We’ve seen this side of Kirk before, back in “The Naked Time”. In that episode it was made very clear that under the surface the captain is helpless to escape an undertow of loneliness, but accepts that as the only alternative to engaging romantically with any member of his crew. Back then it was Yeoman Rand (as it was supposed to be here) and now it’s Dr Noel, but the story is the same. Kirk needs to remain distant, and he tends not to respond terribly well when circumstances make that impossible.


(This might be a nice time to recommend Erin Horáková’s exceptional article on Kirk’s utterly undeserved reputation as a chronic womaniser. “Dagger Of The Mind” quite clearly portrays Kirk as someone who views a round of tipsy flirting as a mortifying lapse in professionalism, not as a stepping stone to sexy times. In fact, it could hardly be more pertinent to Horáková’s article that this episode suggests remembering Kirk as anything else is evidence of a faulty memory.)


All of which makes Adams’ rewriting of Kirk’s memories even more cruel. By ramping up the captain’s feelings for Dr Noel, Adams is plunging him into the exact situation he’s forced himself to stay out of all this time. Worse, Adams compels Kirk to fall in love with someone whose professional knowledge and ethics require that she refuse his advances, precisely because of where and how they originated. This nicely torments Helen at the same time, of course, assuming she’s still into Kirk (and the memory-alteration experiment Adams overhears her performing most certainly suggests that she is). In addition, by supercharging Kirk’s romantic feelings for Dr Noel whilst simultaneously shutting down any way for them to be fulfilled, Adams is also injecting nitro into Kirk’s sense of loneliness and isolation. [1]


That’s why Kirk has so little problem believing the machine can kill someone with loneliness. That’s something which has been threatening to do him in for months. All Adams’ interference really amounts to is a redirection of the feelings that are already hollowing Kirk out.


All of which is melancholy enough, but what really gets me here is that there’s no suggestion Kirk actually had the emotions Adams forced into his head removed. Indeed, his final words in the episode and the weight Shatner hangs upon them very much suggests the opposite. Our captain still remembers being helplessly in love with Dr Noel.


Obviously, this sucks for Kirk in the extreme. How could anyone process being trapped with fierce unrequited feelings they can’t act on, and haven’t had time to acclimatise to? You can read this as simple acceleration, actually; a concentrated dose of the poison that was always going to seep into Kirk’s bloodstream eventually – sitting in the captain’s chair alone and frustrated and longing for what he can’t have, and with no-one around him that can help.

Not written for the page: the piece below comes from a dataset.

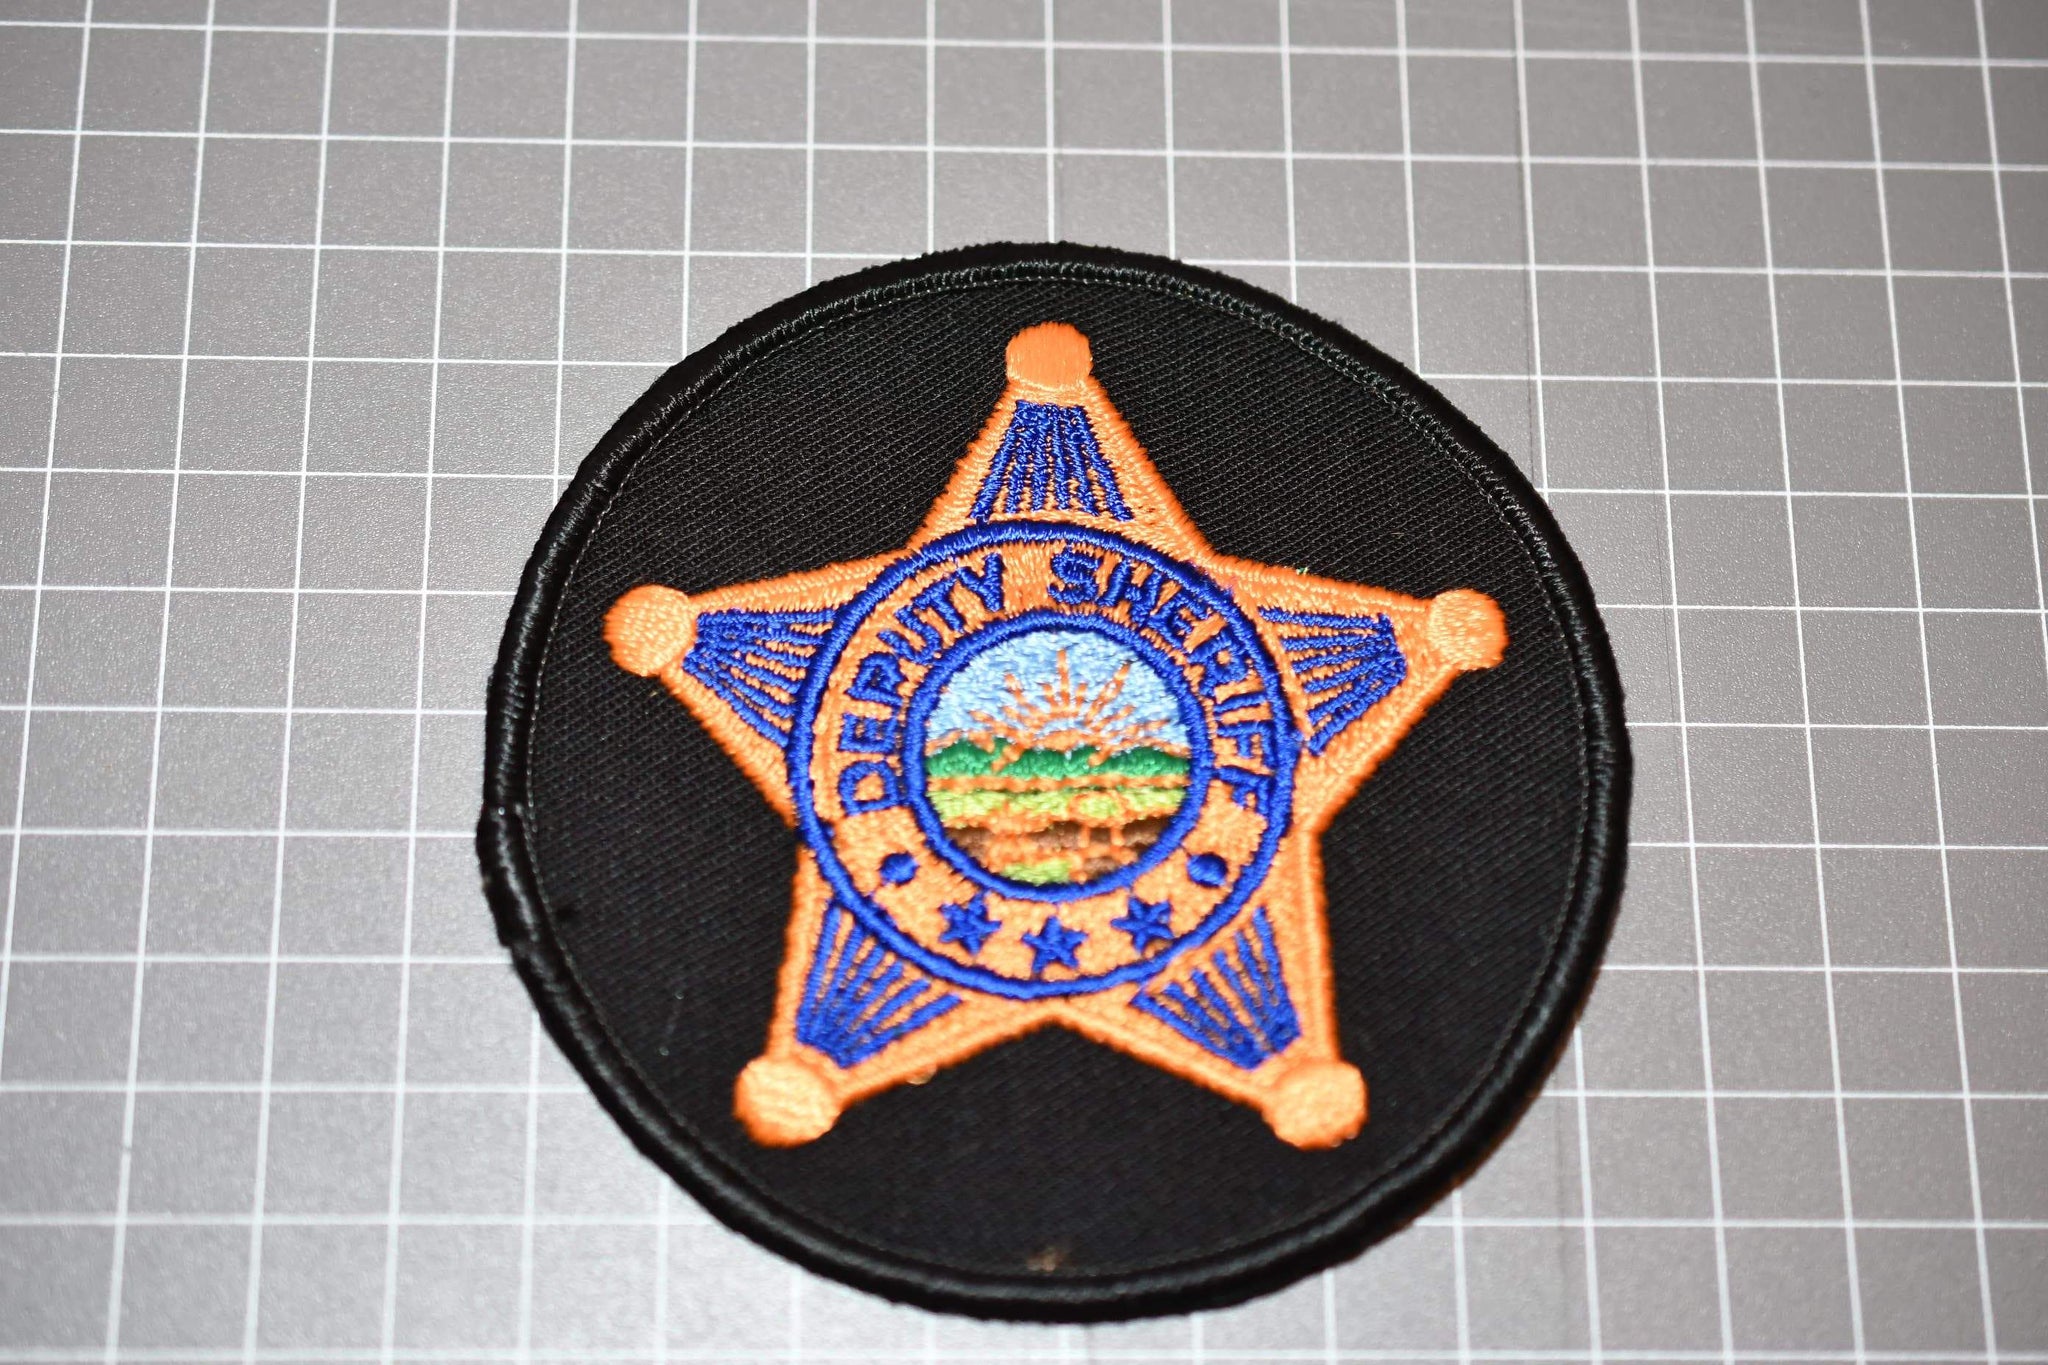 Deputy Sheriff Generic Patch (B6)

As Trek episodes go, you would struggle to find a more painful gut-punch ending. That said, there is something rather lovely in a TV show reminding us that the things we remember don’t have to have been real in order for them to have meaning. Fifty-one posts into a series revealing how unreliable my childhood memories of Trek are, I could hardly take the contrary position. I’d also point out that as someone with chronic depression, I am heartened by even an implicit message that a feeling doesn’t have to be in some narrow sense “real” for it to be close to unbearable.


In conclusion, this is an episode that explores sadness without ultimately dismissing it, which is a rare and valuable stance. It may not lend itself to a pat conclusion, but in an episode that references multiple classical texts that don’t end well for the protagonists, perhaps staging this as a tragedy was the only way to go.


Not for the first time, either. There are clear similarities between Adams’ treatment of Kirk and Noel here, and how Korby abuses Andrea’s programming in “What Are Little Girls Made Of?”. Indeed, the cruelty of external circumstances forcing you to not be able to forge connections is a repeated refrain in the show, with Spock simply being the most obvious example.

Maybe this show was always a tragedy. Maybe anything else is simply our memory playing tricks.